The merits of the case

The Commissioner accepted in his skeleton argument that he was “prepared to mediate up to the point that it was apparent that there was no scope for narrowing the issues”.  The judge interpreted that as a concession that the merits of the defence were not so strong in themselves as to justify a refusal to engage in ADR.   The judge noted that a number of his expressed criticisms of defence witnesses at the trial evidenced “food for thought in predicting [the] chances of success”.

Have other settlement methods been attempted?

The judge observed that the Commissioner had made no offer to settle before ADR was suggested and could not be said to have exhausted other opportunities to avoid the need to go to court. 

The cost of mediation would be disproportionately high

The Commissioner conceded that the cost of mediation in itself would not have been disproportionately high but argued that any settlement would have included a liability to pay a significant amount in costs.  That was only a factor, according to the judge, of potential relevance in determining whether mediation had a reasonable prospect of success (see below).

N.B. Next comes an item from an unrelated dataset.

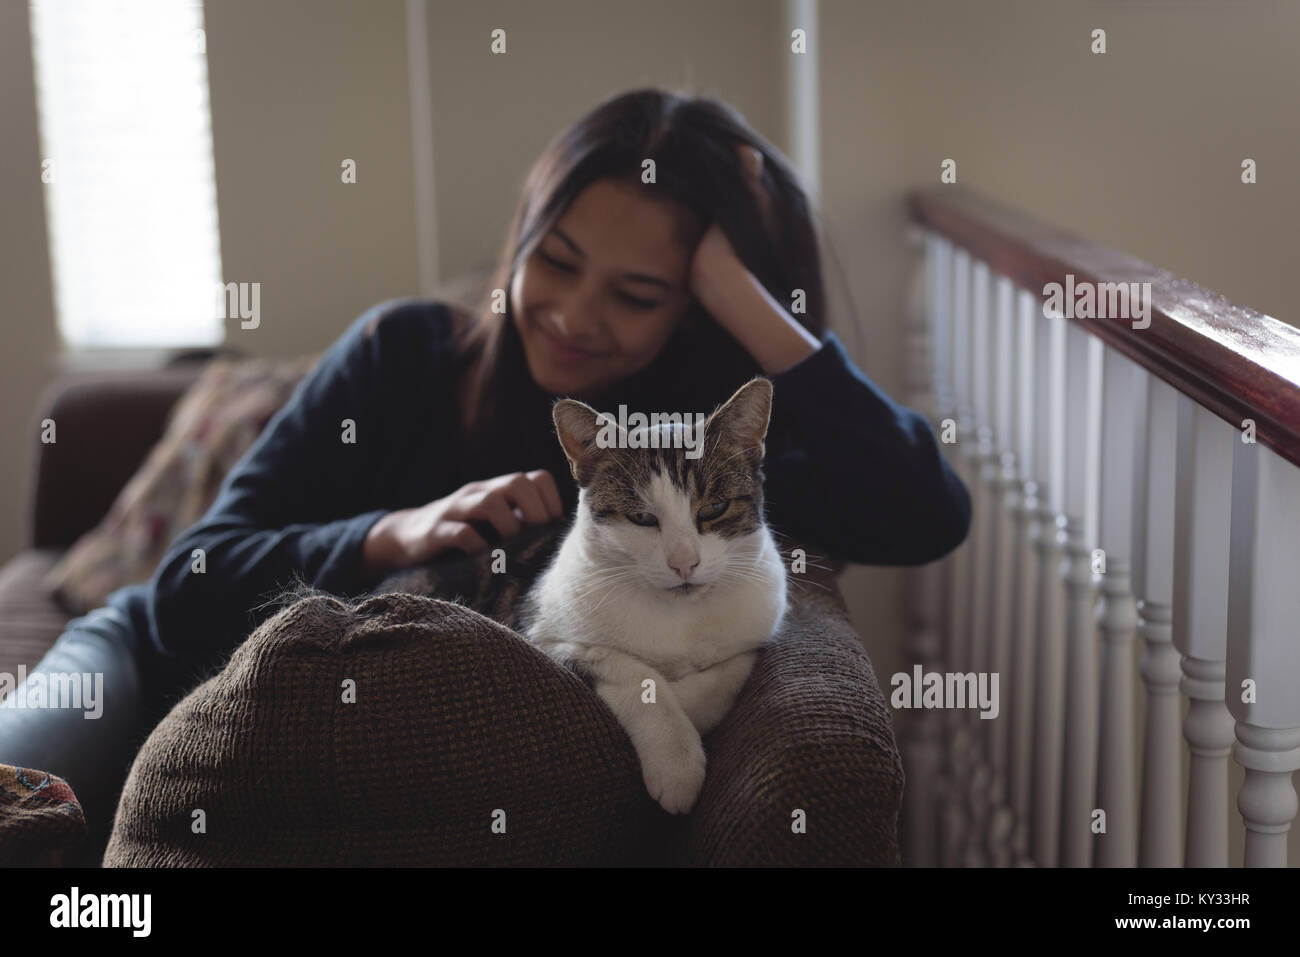 Ragazza seduta con gatto sul divano nel soggiorno Immagini Stock

A formal offer to mediate had been made September 2013, long before the trial and delay was not an issue.

Whether the mediation had a reasonable prospect of success

Having cited Halsey extensively, the judge made the following observations:

  • The Commissioner at no time excluded the possibility of a money offer;
  • The claimants at no time insisted that money was required as a formal pre-condition of ADR;
  • Predictions about what it might take to reach a settlement did not amount to formal pre-conditions and “tactical positioning should not too readily be labelled as intransigence”;
  • ADR was on the claimants’ agenda from the outset and should not have been viewed as purely tactical;
  • Preparations for trial on behalf of the Commissioner appeared to have taken over pursuance of ADR as a priority in the months leading to the hearing.

Taking those observations into account, the judge concluded that he was “satisfied that there was a reasonable chance that ADR would have been successful in whole or in part”. 

Further matters

The court considered the case of Daniels v Metropolitan Police [2005] EWCA 1321, in which it was held it may be reasonable for a defendant routinely facing wholly unfounded claims to take a stand, even where costs would be disproportionate. Here, the Commissioner had never put the case in that category and there was “no real risk here of any settlement having a potential impact on police powers or policing tactics”.

Based on his assessment of the Commissioner’s response to the request to engage in ADR, the judge concluded that the Commissioner had failed, without adequate (or adequately articulated) justification, to engage in ADR which had a reasonable prospect of success.  As a result, that was a factor to be taken into account when exercising his broad discretion on costs. 

At the same time, the failure to provide a substantive reply was also considered and so too discrepancies on the costs’ schedules.  The costs’ schedules were not regarded as influential in the exercise of the judge’s discretion on costs, but to the limited extent that the failure to provide a substantive reply corroborated the judge’s view that “the defendant stumbled past ADR on the way to the hearing rather than engaging with it with proportionate commitment and focus”, then that failure was to be taken into account. 

Weighing his findings in the balance, the judge exercised his broad discretion on costs by awarding the Commissioner two-thirds of his costs on the standard basis.


This case is a timely reminder of the increasing importance of engaging in ADR as an alternative to the conventional trial process.  It remains perfectly appropriate to reject an invitation to engage in ADR in appropriate cases, but refusals should be carefully considered and clearly articulated, as should any “formal pre-conditions” to participation in ADR.  Otherwise, the price of going along with the notion of ADR but not then engaging in the process can generate as an unwelcome sting in the tail, especially in cases like this where the legal arguments have been won across the board.